But I told him that it was just not an issue of setting a fee for the settlement as these did not occur in a vacuum. These settlements were the final stage in what could have been a long complex process, a process in which the attorney put in a lot of work, earning little in fees. And for every attorney who did nothing other rather take a call from a carrier months after a classification, accepted a carrier-drafted §32 agreement, and still got 10%, there were at least two who had been fighting for additional medical treatment since the classification and/or fought attempt to reclassify the claimant at a lower rate or maybe fought against voluntary withdrawal of the labor market and earned no additional fees.
WHAT IS THE HISTORY OF FEES?
As to why there seemed to be a consensus of a 10% fee on classified cases and 12% to 15% on most of the rest, these numbers seemed to have evolved from the 10% given in Lump Sum Settlements. And there was no one around at the Board who had any idea from where the 10% for Lump Sums was derived.

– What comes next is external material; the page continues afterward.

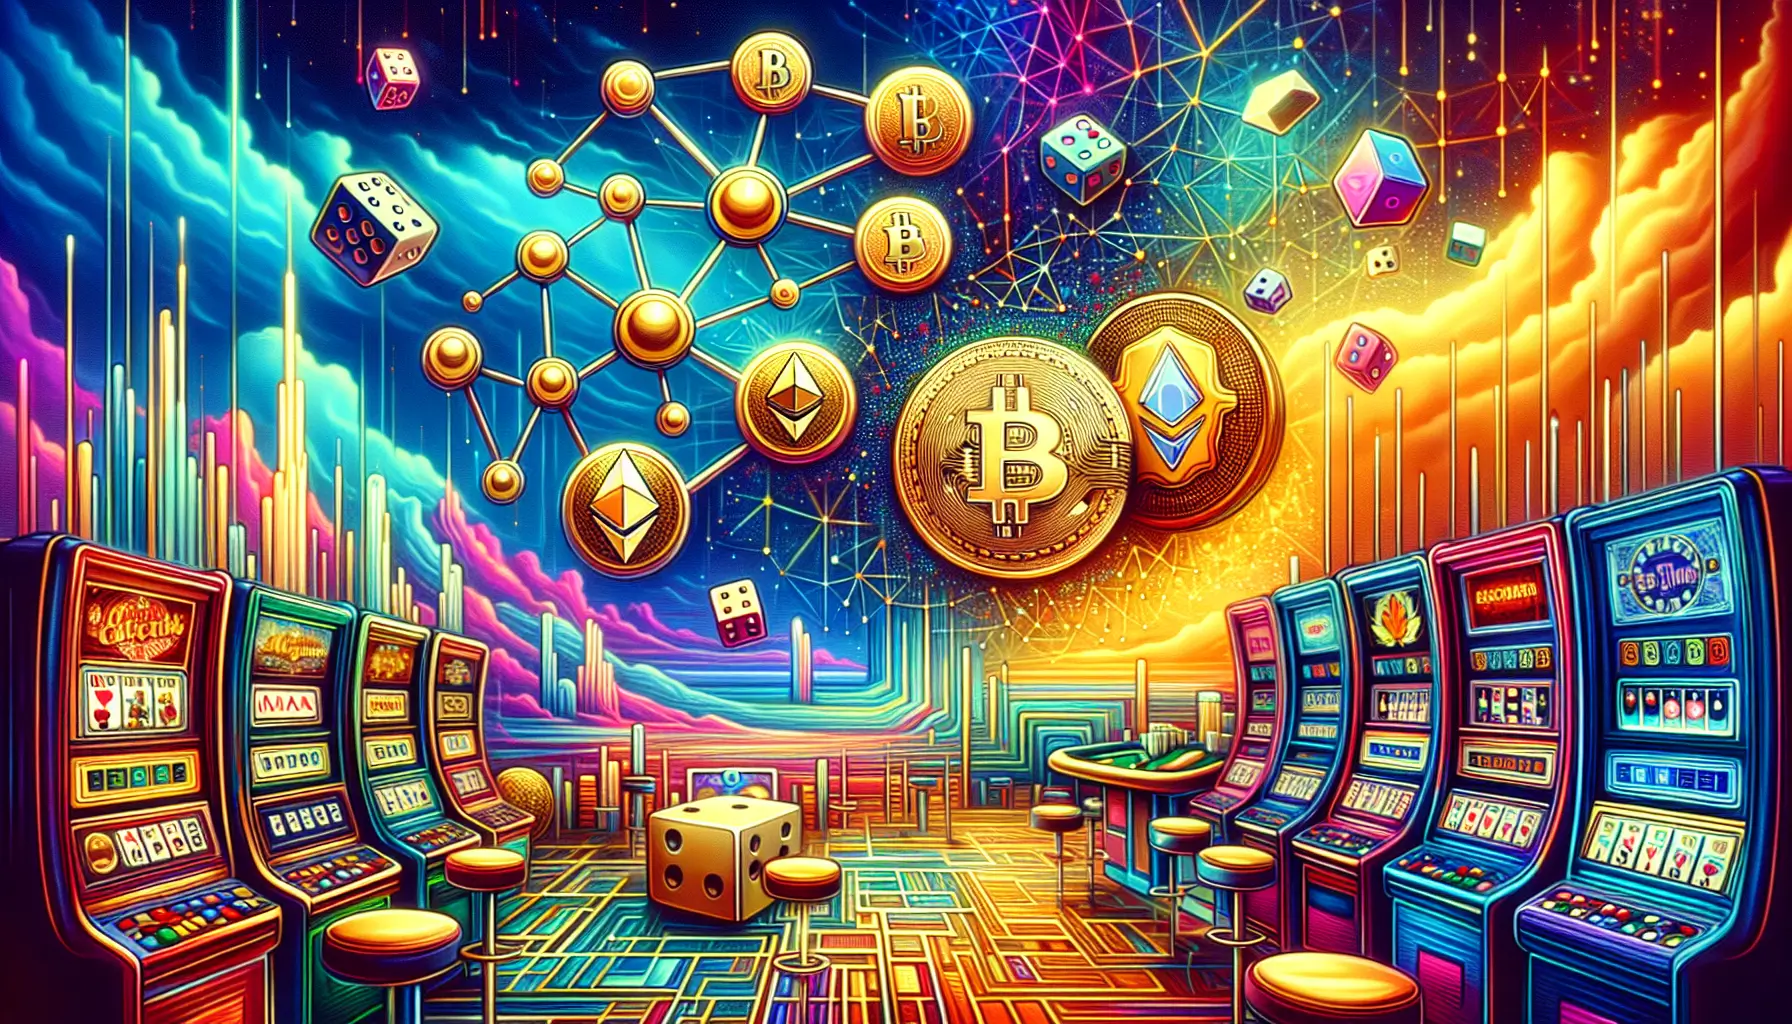 Apply Any Of These 10 Secret Techniques To Improve BC Game Cryptocurrency Casino: A New Era of Digital Gaming
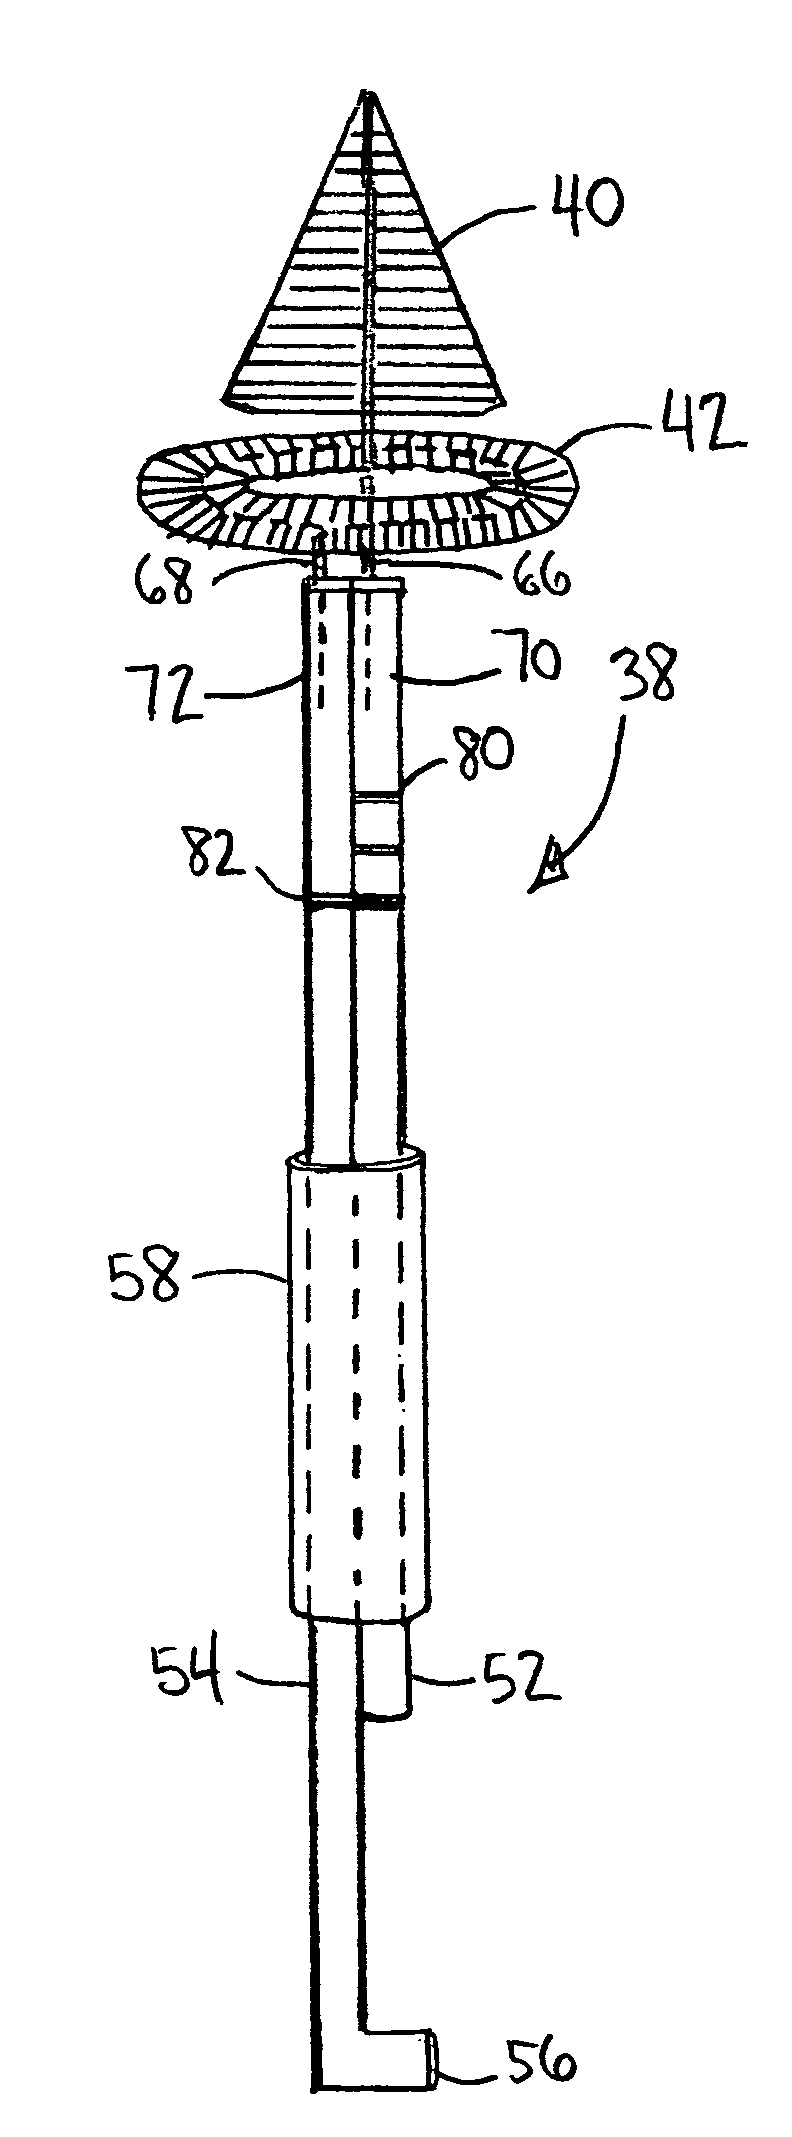 Adjustable dual-brush cervical cytology collection device

Poet and philosopher George Santayana wrote “Those who cannot remember the past are condemned to repeat it.” I would like to add, “Those who don’t care to learn from the past will invariably [mess] it up!”
This influential person at the Board to whom I spoke in the late 1990’s as well as others who have in the recent past who raised this issue rarely worked in the private sector. The few who were, were attorneys and were not the managing partner and thus had no idea of what it meant to meet a payroll or understand that in order to pay an attorney, let us say, the $90,800 a year a commissioner gets, you need to bill at probably $250,000 a year ($100 an hour for a 50 hour week) to cover salary PLUS benefits, plus rent, phone and utilities support staff, and much more. And remember, the carrier attorneys also have to make money.
Does the staff at the board thinks that if they get $90,000 a year, the claimants or carrier attorneys should get any less? And don’t forget the overhead!! See the story Why you’re Fired in Opinions and Reports. No better proof of this exists than the list of expenses a sole proprietor is allowed by the WCB to use when calculating his net income for AWW purposes. The Board considers as non-expenses some items without which no business could survive, one of which is advertising. Is it no wonder they do not ‘respect’ your need to collect the fees you request to keep your business going?
CAN THE BOARD SET FEES?
As I have noted in some of the court decision ffrom other states which I have cited, attempts to legislative fees doesn’t work. One example I quote in my COURT DECISIONS page is the October 23, 2008 Florida Supreme Court decision in the matter of Murray v. Mariner Health; they ruled that workers’ compensation attorneys are entitled to recover “reasonable fees” for services rather than being limited by the statutory formula to a percentage of benefits. “Reasonable fees” in this context could include payment of hourly charges at a prevailing market rate.
WCL §24 and the supporting NY Codes Rules and Regulation do not allow claimant attorneys to charge by the hour but must base the fee on the results. Yet some law judges, particularly in one downstate district, seem to have taken the position that the fee should be based on results or time spent, which ever is the least, maybe with an addition discount for probably having higher annual income than the judge.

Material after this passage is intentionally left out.